▸ SUPPLIED MATERIAL:
┌────────
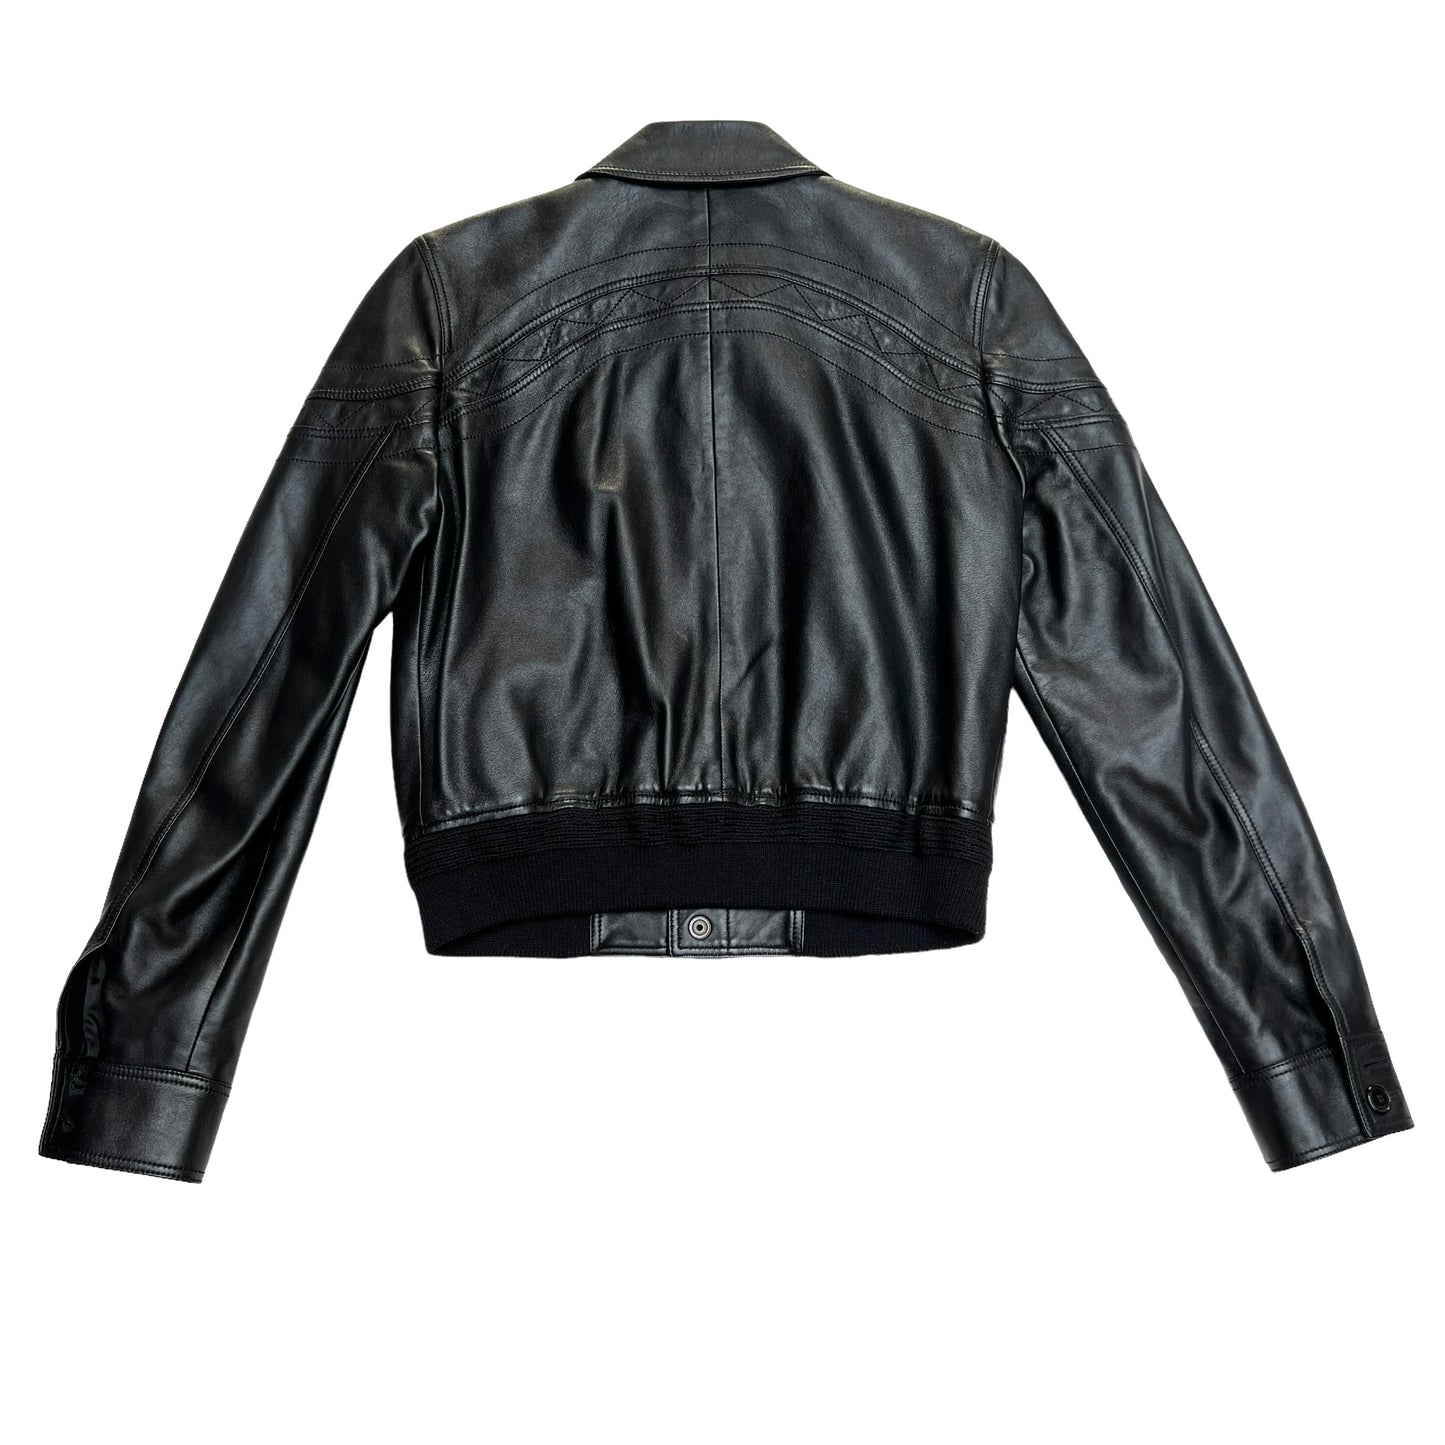 2018 Black Leather Bomber Jacket - S
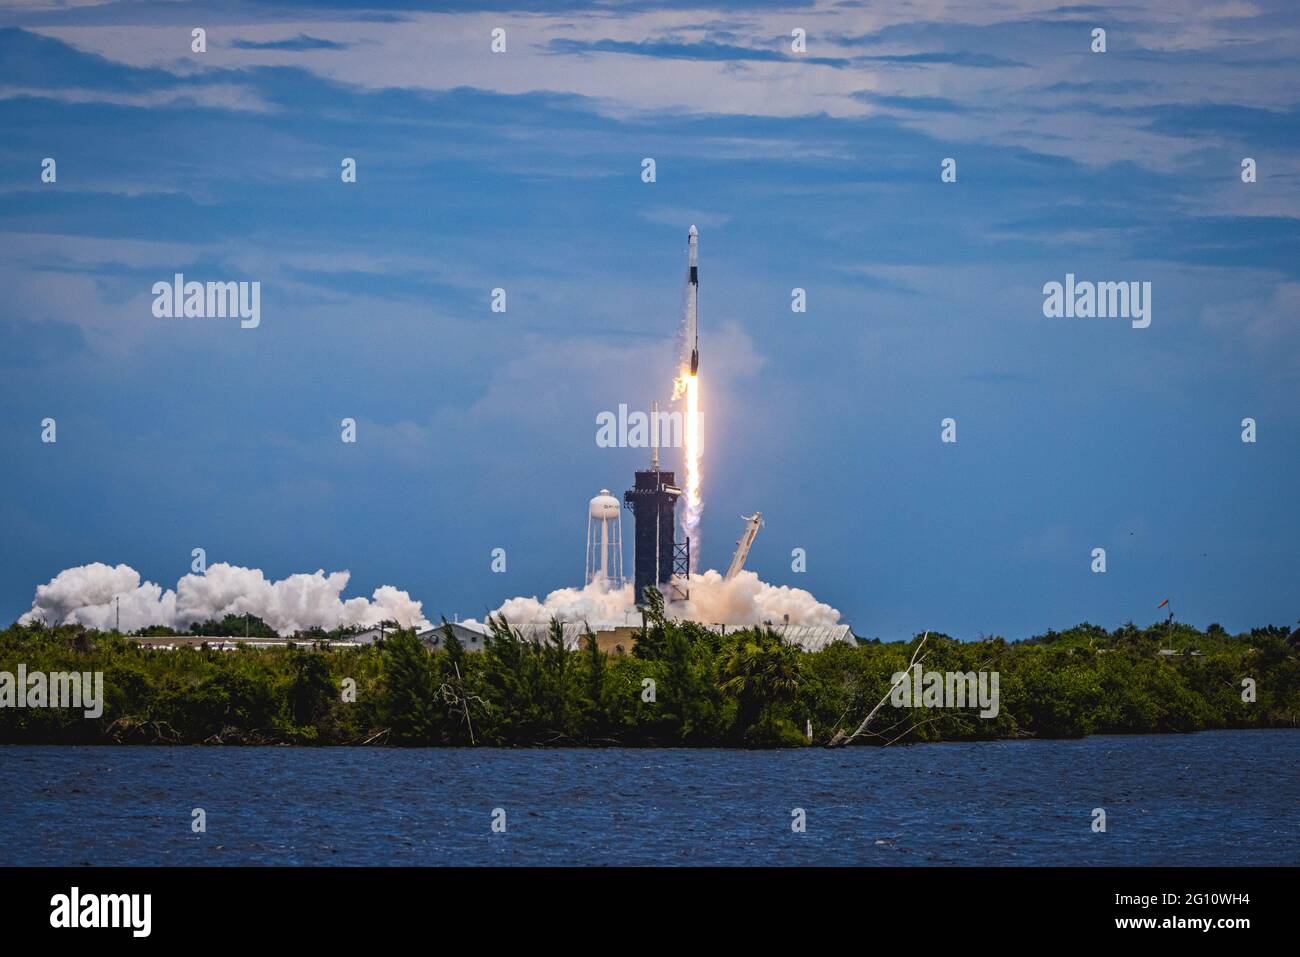 STATI UNITI. 03 giugno 2021. Il Falcon 9 SpaceX Dragon riforniva la navicella spaziale sulla sua strada per la Stazione spaziale Internazionale dopo il lancio alle 13:29 EDT il 3 giugno 2021 dal Launch Pad 39A al Kennedy Space Center della NASA in Florida trasportando quasi 7,300 libbre di esperimenti, array solari e altro carico. (Foto di Alex G. Perez/AGPfoto/Sipa USA) Credit: Sipa USA/Alamy Live News Foto Stock
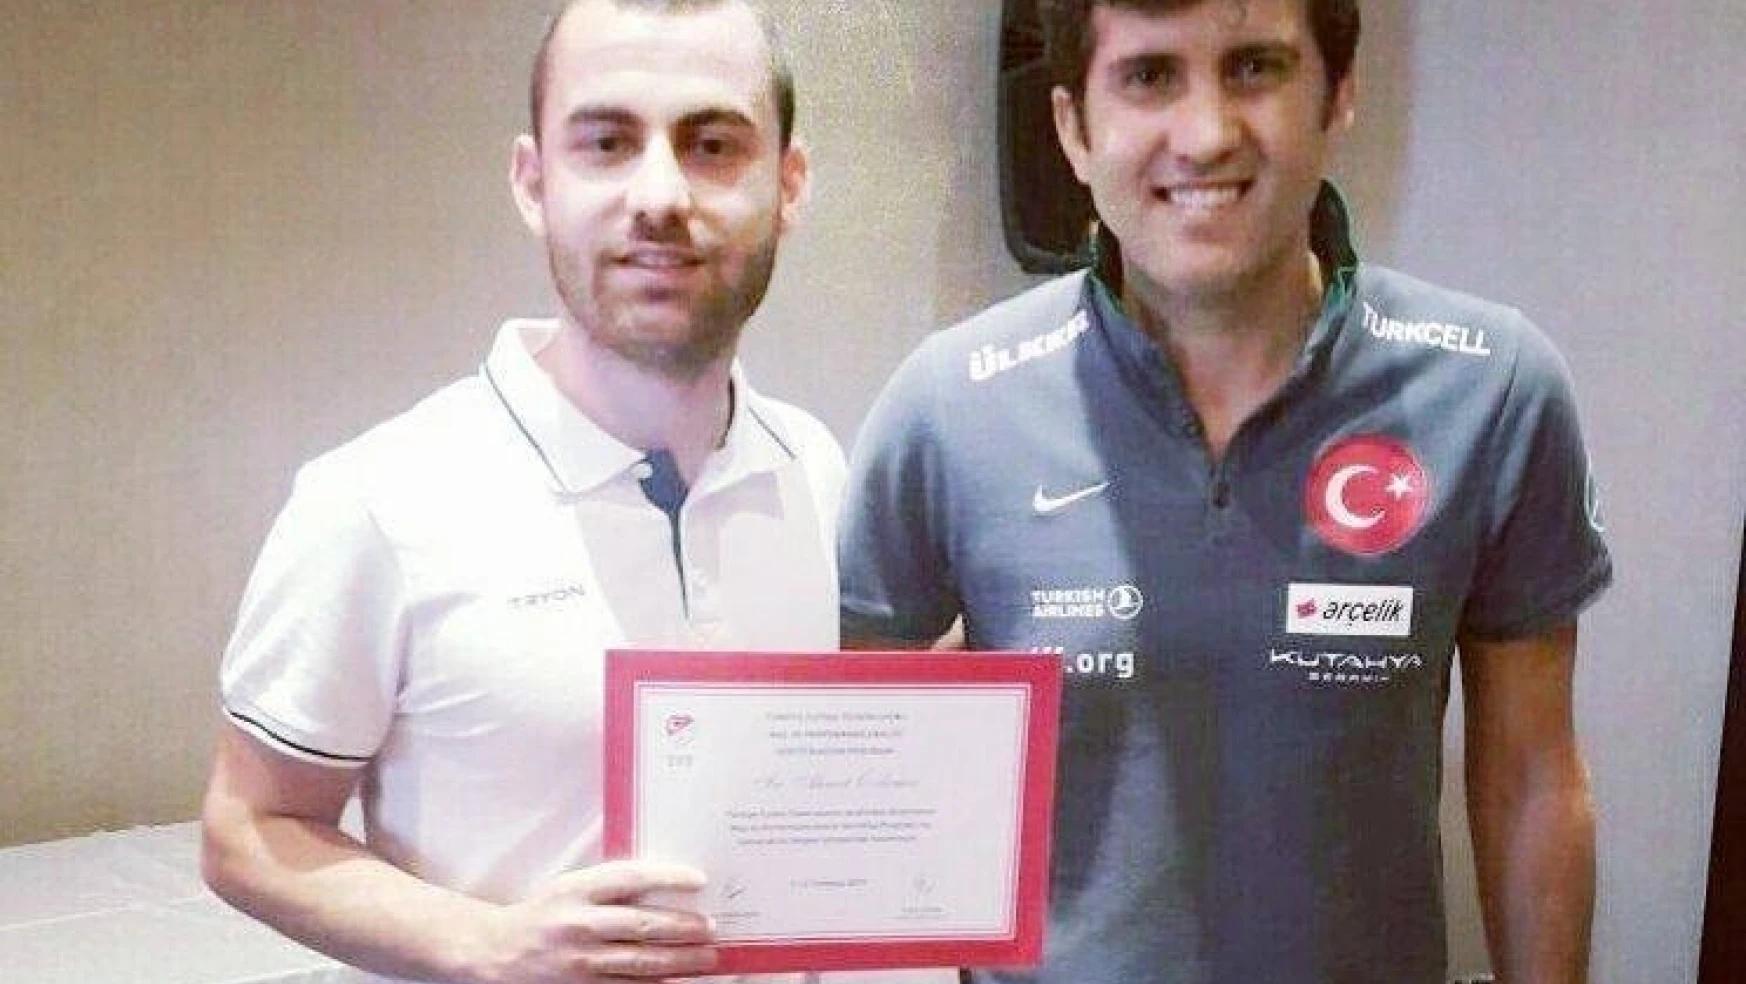 Malatyalı antrenör Türkiye'de bu belgeyi alan 46. antrenör oldu
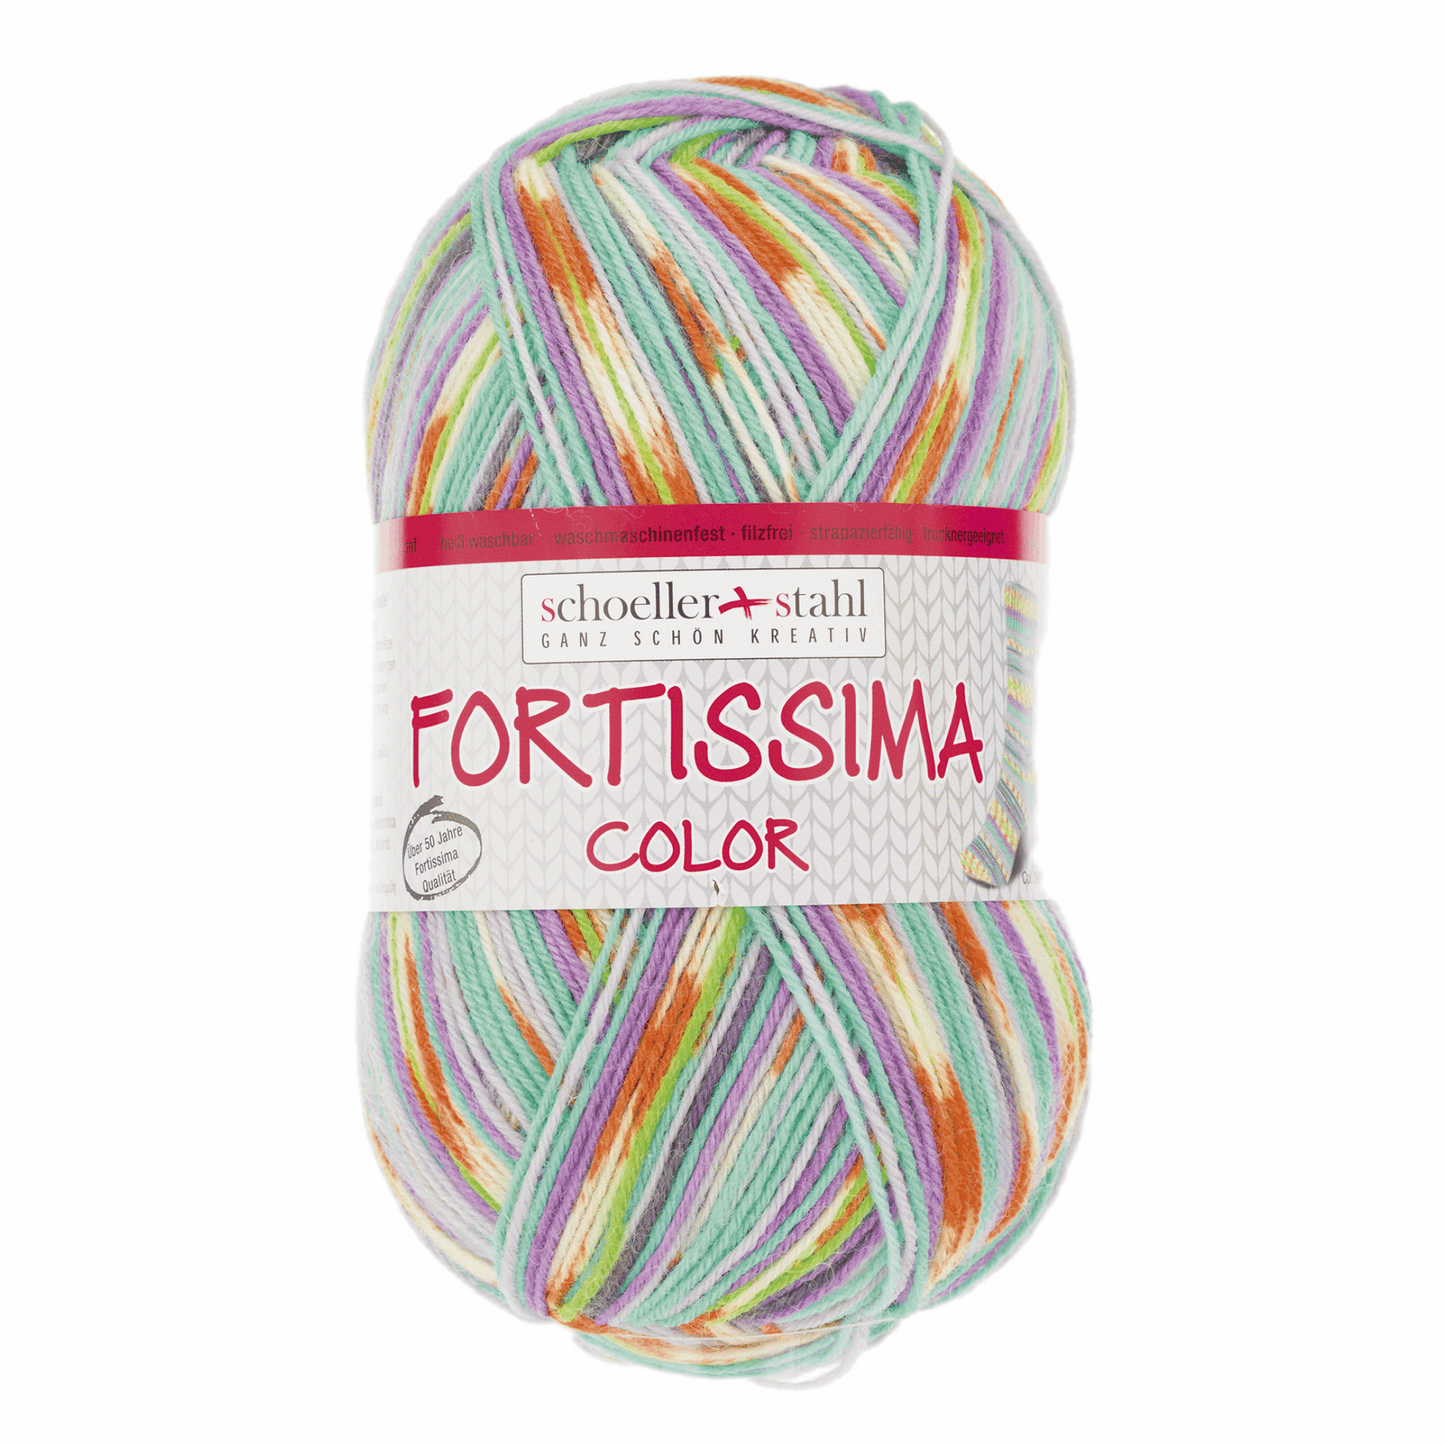 Fortissima socka 4fädig, 90028, Farbe 2493, pastell
└────────
▸ TASK ITEM:
Whenever images occur above, omit them and retype each line exactly as it stands.

▸ OUTPUT FOR THIS TASK:
 2018 Black Leather Bomber Jacket - S
 STATI UNITI. 03 giugno 2021. Il Falcon 9 SpaceX Dragon riforniva la navicella spaziale sulla sua strada per la Stazione spaziale Internazionale dopo il lancio alle 13:29 EDT il 3 giugno 2021 dal Launch Pad 39A al Kennedy Space Center della NASA in Florida trasportando quasi 7,300 libbre di esperimenti, array solari e altro carico. (Foto di Alex G. Perez/AGPfoto/Sipa USA) Credit: Sipa USA/Alamy Live News Foto Stock
 Malatyalı antrenör Türkiye'de bu belgeyi alan 46. antrenör oldu
 Fortissima socka 4fädig, 90028, Farbe 2493, pastell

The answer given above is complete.